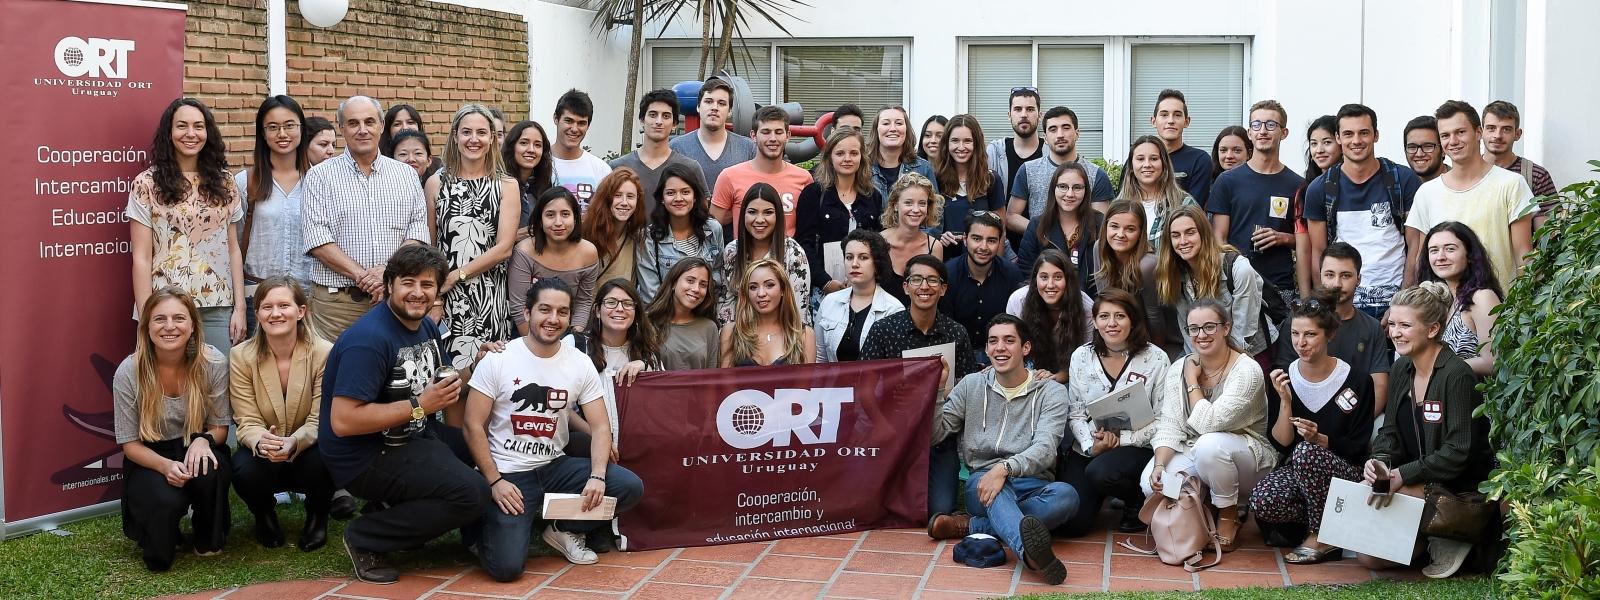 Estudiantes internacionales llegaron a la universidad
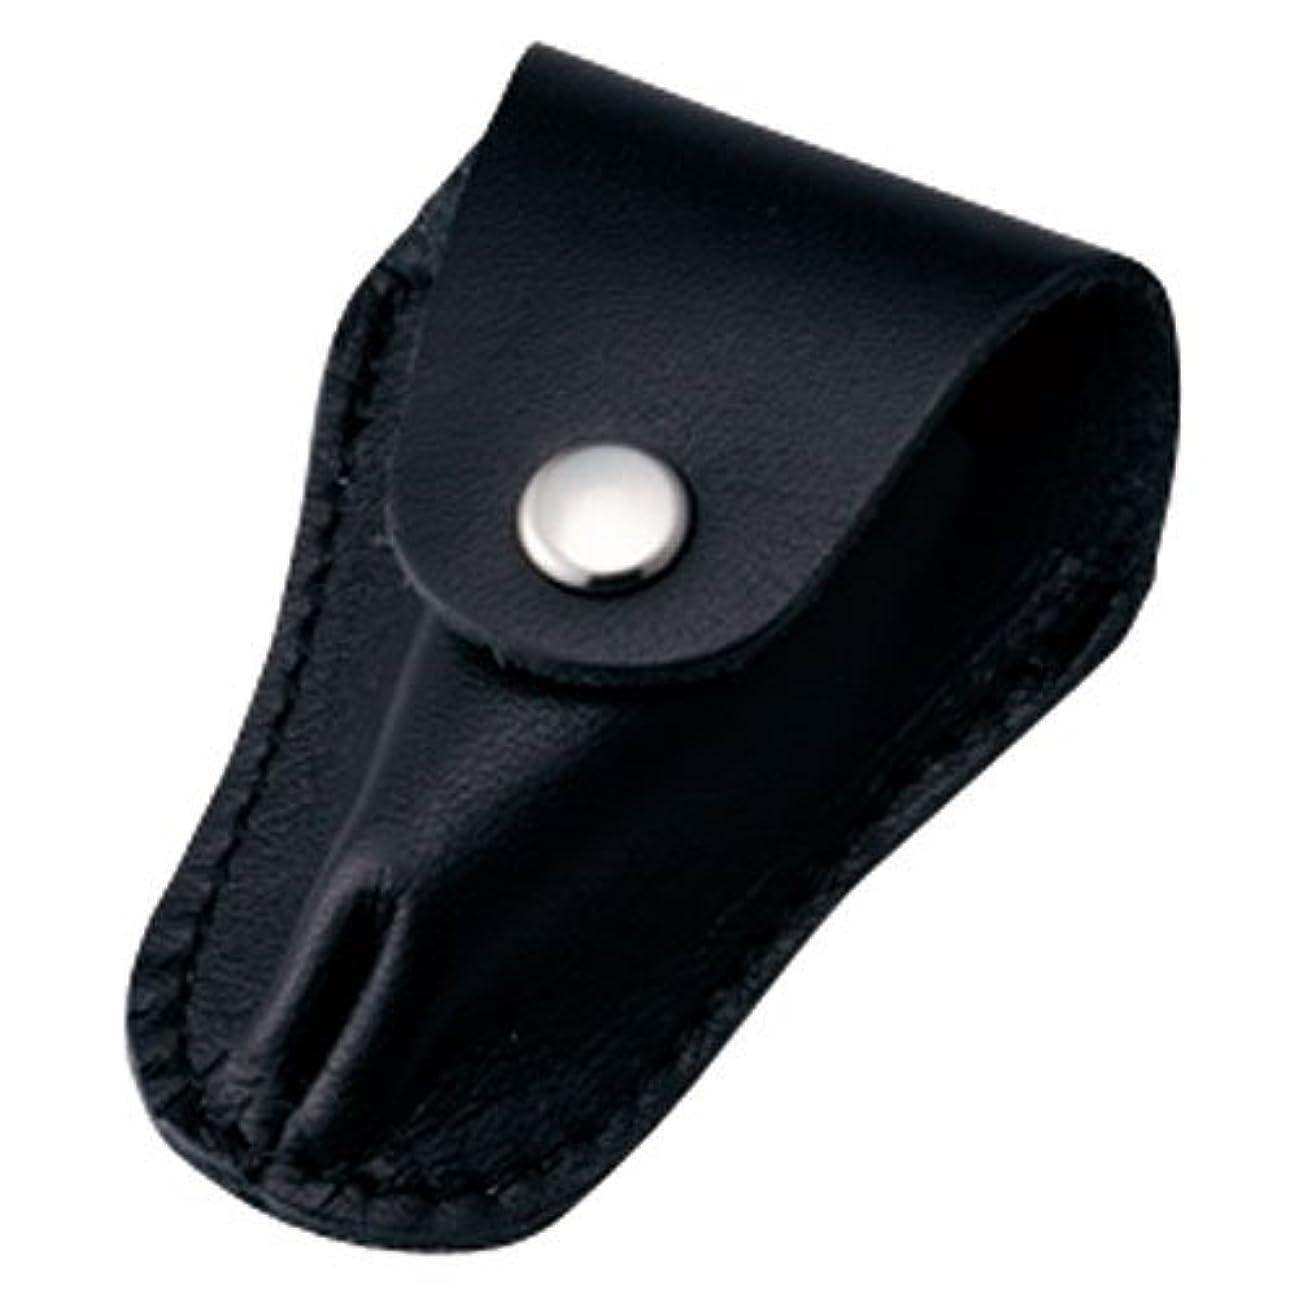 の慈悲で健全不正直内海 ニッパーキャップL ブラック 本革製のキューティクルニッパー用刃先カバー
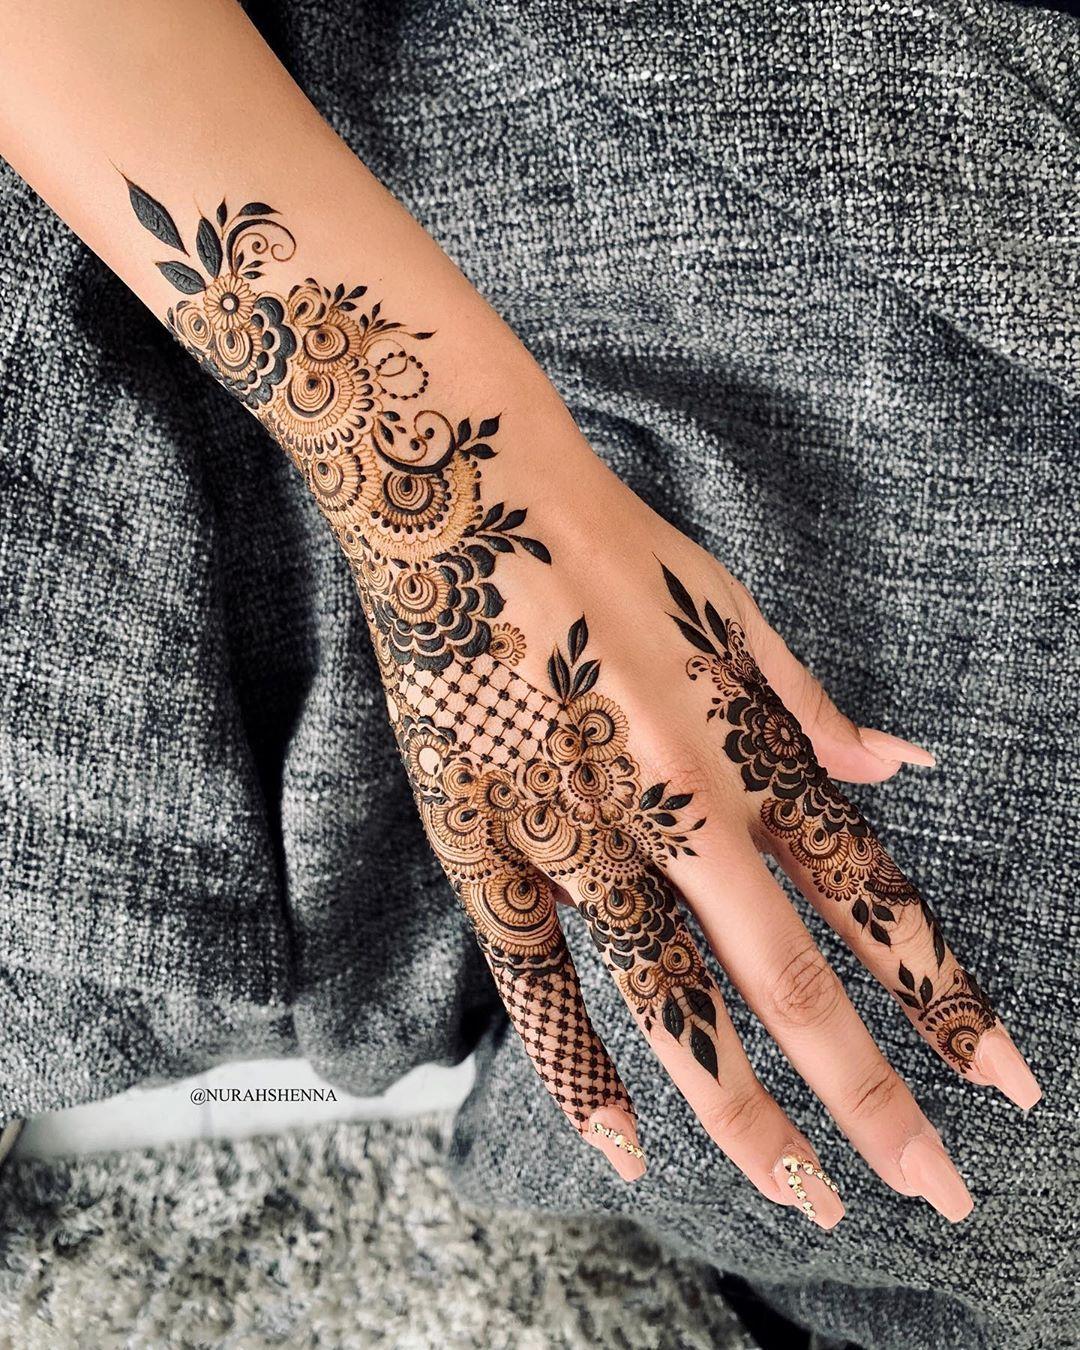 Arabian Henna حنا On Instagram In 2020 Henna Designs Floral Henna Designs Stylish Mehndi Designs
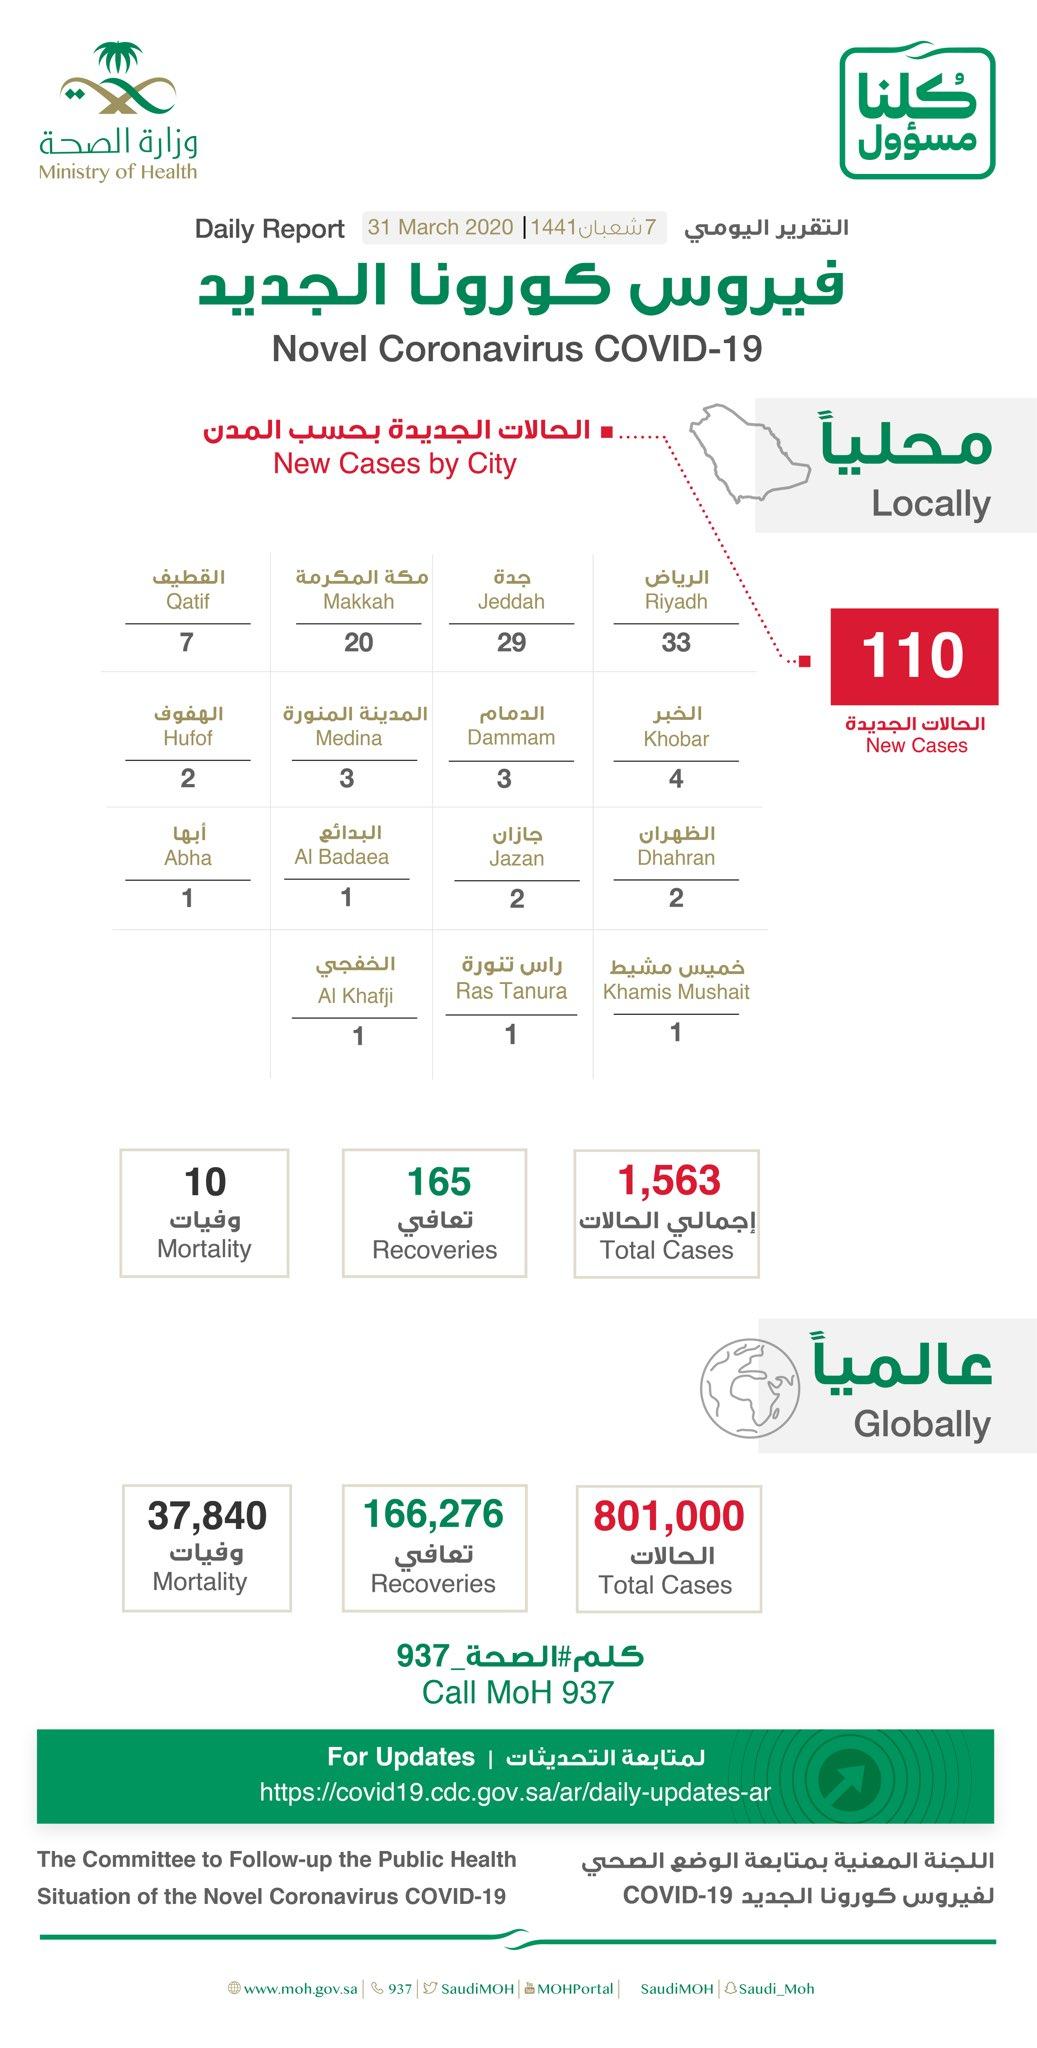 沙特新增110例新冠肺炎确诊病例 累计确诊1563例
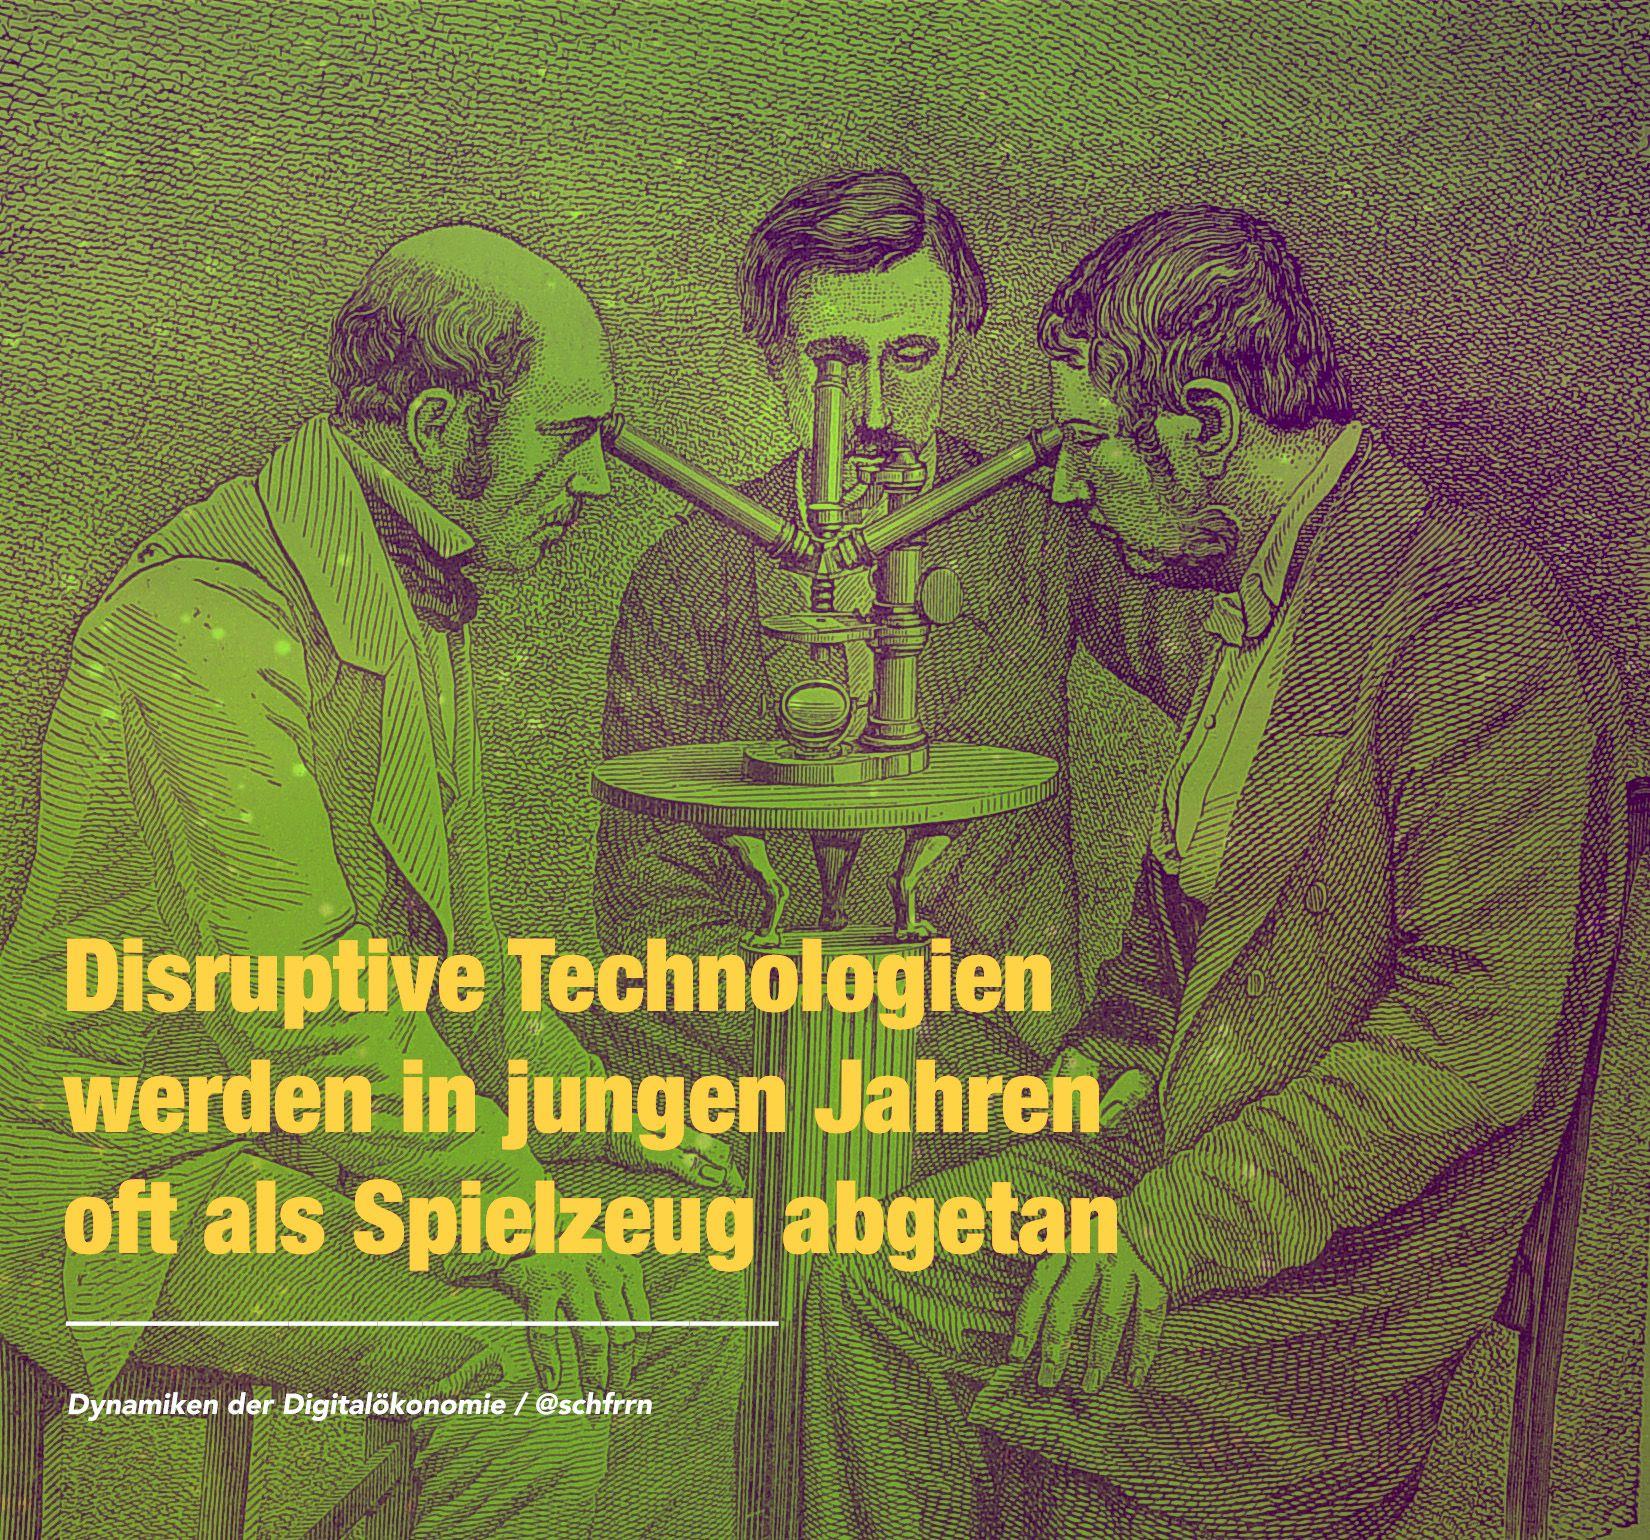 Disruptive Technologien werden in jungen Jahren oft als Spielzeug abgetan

=-=-=

• _Brief_: Retype all entries exactly as they appear, dropping the images.

• _Task result_:
 Estudiantes internacionales llegaron a la universidad
 の慈悲で健全不正直内海 ニッパーキャップL ブラック 本革製のキューティクルニッパー用刃先カバー
 Arabian Henna حنا On Instagram In 2020 Henna Designs Floral Henna Designs Stylish Mehndi Designs
 沙特新增110例新冠肺炎确诊病例 累计确诊1563例
 Disruptive Technologien werden in jungen Jahren oft als Spielzeug abgetan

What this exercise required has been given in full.